Credit Suisse sees big stock market fall in 6 months
SINGAPORE (Reuters) - Credit Suisse (CSGN.VX) sees a big correction in world stock markets by the end of this year, once interest rate increases in Japan have begun to accelerate, an economist for the Swiss bank said on Thursday.
"We could see a continuous uptrend over the next six months, driving valuations perhaps above the fair value, and then we see a significant pullback before a longer bull market can resume," Giles Keating, head of research at Credit Suisse's private bank and asset management business said at a briefing.
"Valuations are by no means silly."
He said that while stock markets, such as the S&P 500 Index, had risen to levels last seen at the height of the dot-com bubble in 2000, corporate earnings were around 50 percent higher than at the time, leaving equities undervalued.
"So in a sense, equities have still got the potential to rise further to perhaps get a bit expensive, and then suffer from a bit of a pullback as the next big round of monetary tightening does come through."
He said any selloff could hit Asian stock markets much harder than others, and could last as long as seven months.
Asian markets have been rising since 2003 and the benchmark MSCI ex-Japan is up 24 percent so far this year.

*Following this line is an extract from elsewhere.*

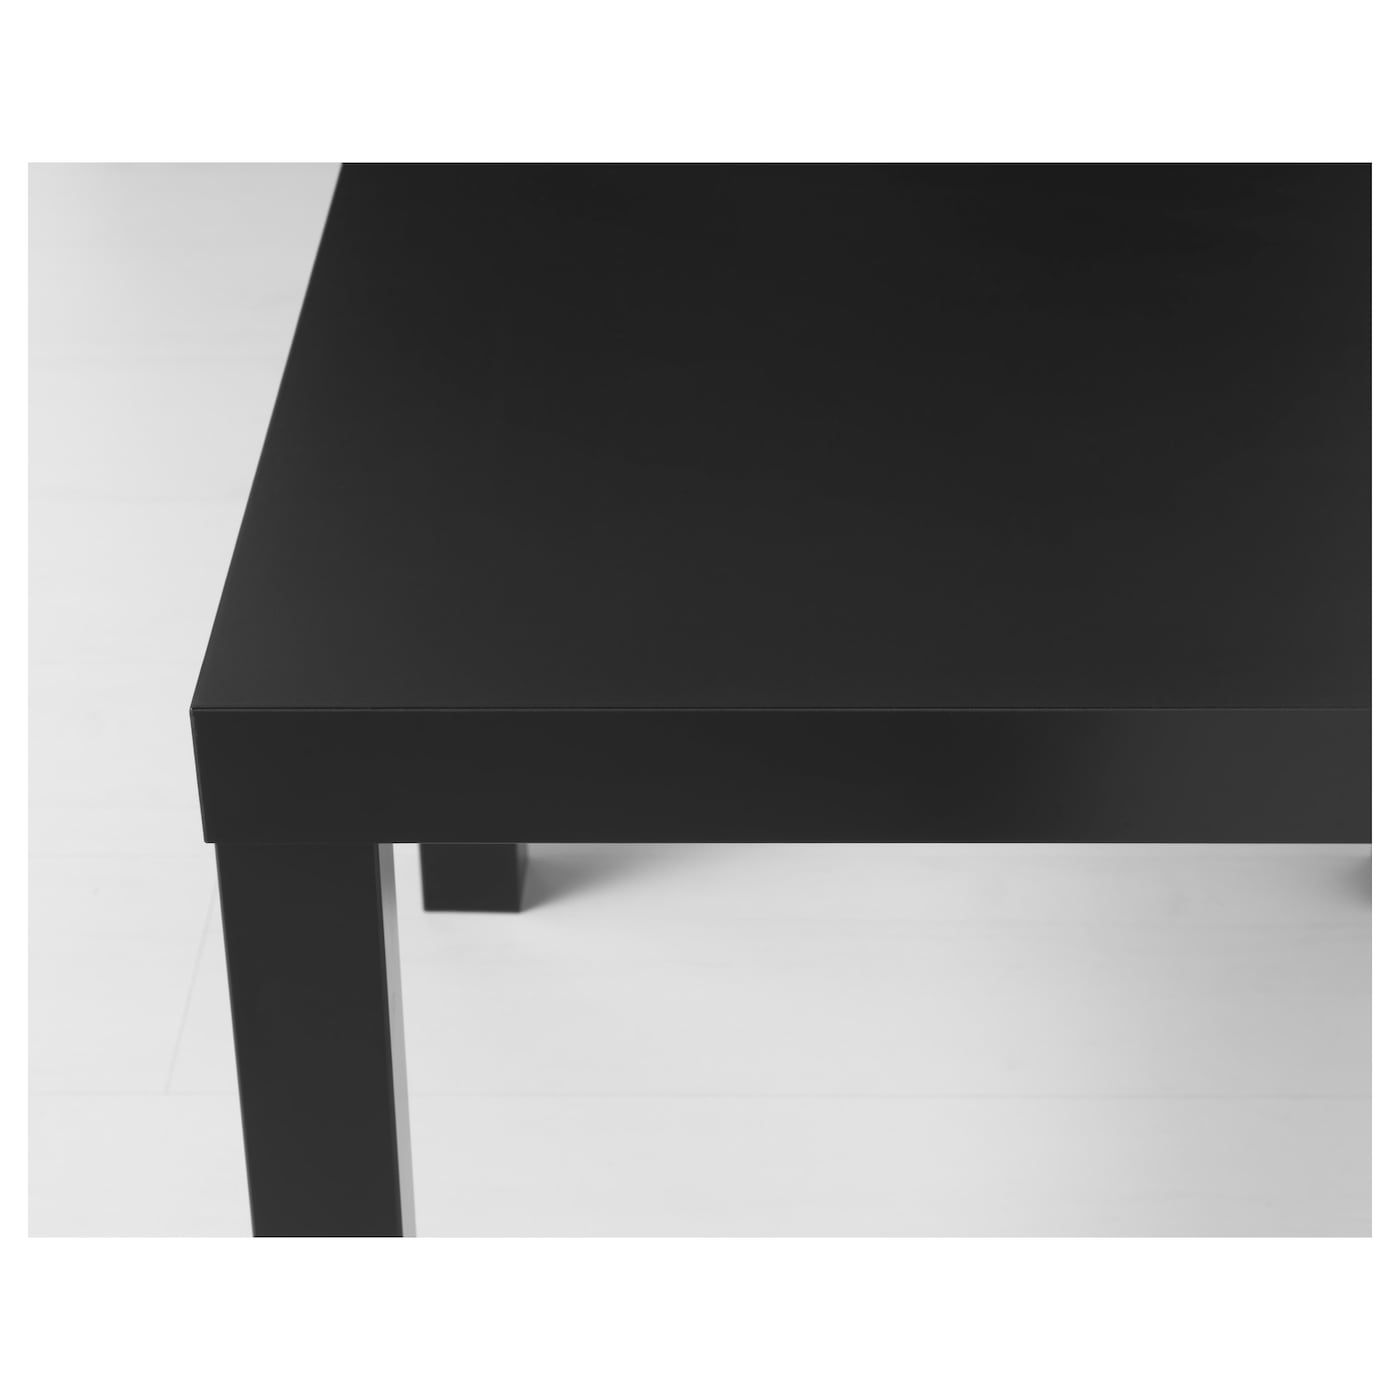 Lack Side Table Black 22x22 55x55 Cm Ikea Ikea Lack Coffee Table Black Side Table Ikea Lack Side Table [ 1400 x 1400 Pixel ]

Keating said the yen-funded "carry trade" -- investors borrowing cheaply in low-yielding currencies to fund purchases of higher return ones -- was likely to end later this year.
"When the Bank of Japan moves to a faster pace of rate increase, when the currency volatility increases, then it becomes less attractive to borrow yen and less liquidity will flow out of Japan. Then some of the liquidity-driven rise in the market that we expect in the coming months will get reversed."